Culture,  Living Abroad

Traditions: Catalan Christmas

We have already briefly introduced Catalan politics, but this article focuses on Catalan Christmas Traditions. (Logan this is for you when we were talking about holiday traditions that seem weird in other countries—for example, when people in Italy party with their friends on the evening of the 24th of December after a family dinner—and we talked about when Claudia was living in Tarragona and had a true Catalan Christmas experience.) We don’t claim to know everything there is to know about Christmas time in Catalunya but we thought it would be nice to share these two traditions that surprised us.


1.) The Tió de Nadal

“caga tió,
caga torró,
avellanes i mató,
si no cagues bé
et daré un cop de bastó.
caga tió!”
— The song sung to ask the log to poop


This Catalan tradition consists of a log painted with a smiley face on one end and some stick ‘legs’ that is placed in a living area of the home on the 8th of December (the Día de la Inmaculada Concepción—translated to the Day of the Immaculate Conception). The Tió de Nadal, which is a log that is then taken care of for several weeks. He is fed sweets, fruits, and other snacks and is covered in a blanket until Christmas Eve, the day that he is supposed to “deliver his presents.”

This is when a slightly odd tradition gets a little bit weirder. The Tió de Nadal delivers his presents by pooping them out—and kids literally ask him to cagar aka poop. And they don’t just ask him nicely. The family will sing him a song, hit him with a stick, and demand that he deliver the presents that they are owed. Normally these presents are not big or exceptionally special (those are saved for the day of the Three Kings), but this tradition is something that kids look forward to every year.

Note: When Claudia observed this tradition while living with her au pair family, she was so surprised/shocked that she didn’t take any pictures…although she will never forget this interesting Catalan tradition.


The Caganer

When we started to research the Tió de Nadal in order to make sure we were sharing real information with you and not just something that happened in Claudia’s family, we were reminded of another tradition involving pooping in Catalunya—The Pooping Man (Caganer). In Calalunya, like in the rest of Spain, it is common for families, business, etc. to have Belenes, which are nativity scenes depicting Jesus’ birth. The difference in this region is that they tend to have one man in every nativity who is pooping.

This statue isn’t front and center, and probably isn’t even that big, but it is always there and people get great pleasure in having and finding him in nativities. What does a pooping man have to do with a Nativity scene you might ask (like we did)?

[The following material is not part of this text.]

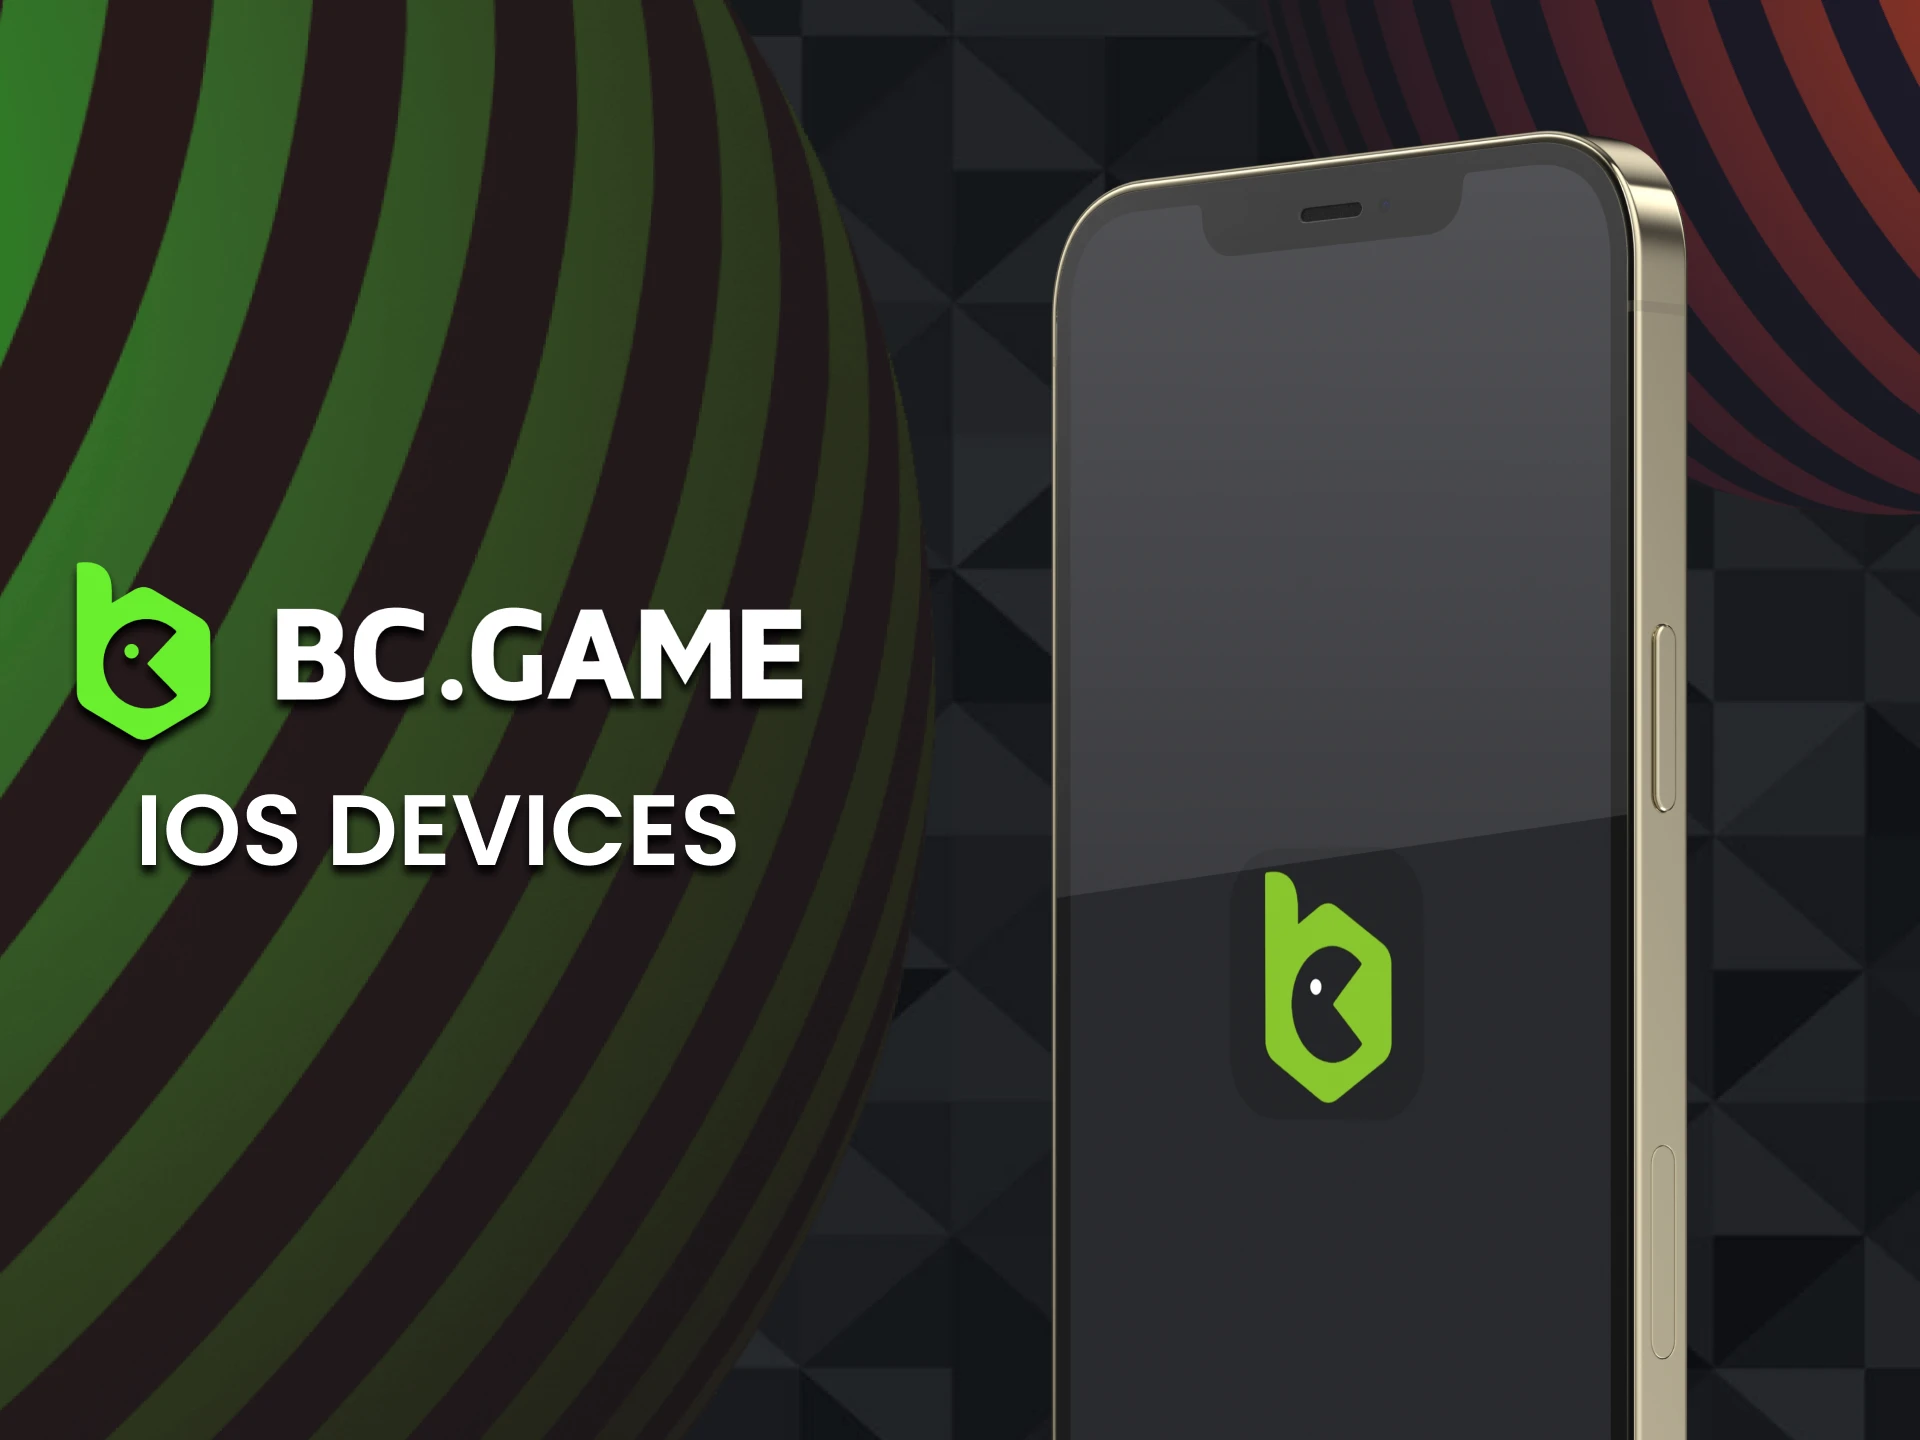 All iOS devices are supported by BC Game app.

The Caganer represents fertility and good harvest in the years to come and is not meant to be disrespectful in any way to the religious ideology.

Note: Claudia’s host family also had a nativity scene and a caganer and they were both proud of the religious meaning implicated and of little bit of fun added by the pooping man.

What is the weirdest (to you) holiday tradition you have experienced?




  • Timothy Barton

    “Tió de Nadal” does not mean Christman Uncle. The Catalan word for uncle is “oncle”, or more informally, “tiet”. The Spanish word for uncle is “tío”, but the Catalan “tió” is unrelated to the Spanish word “tío”.

    • Sincerely, Spain

      Dear Timothy,

      Thank you for pointing out this mistake. We have now updated the article accordingly.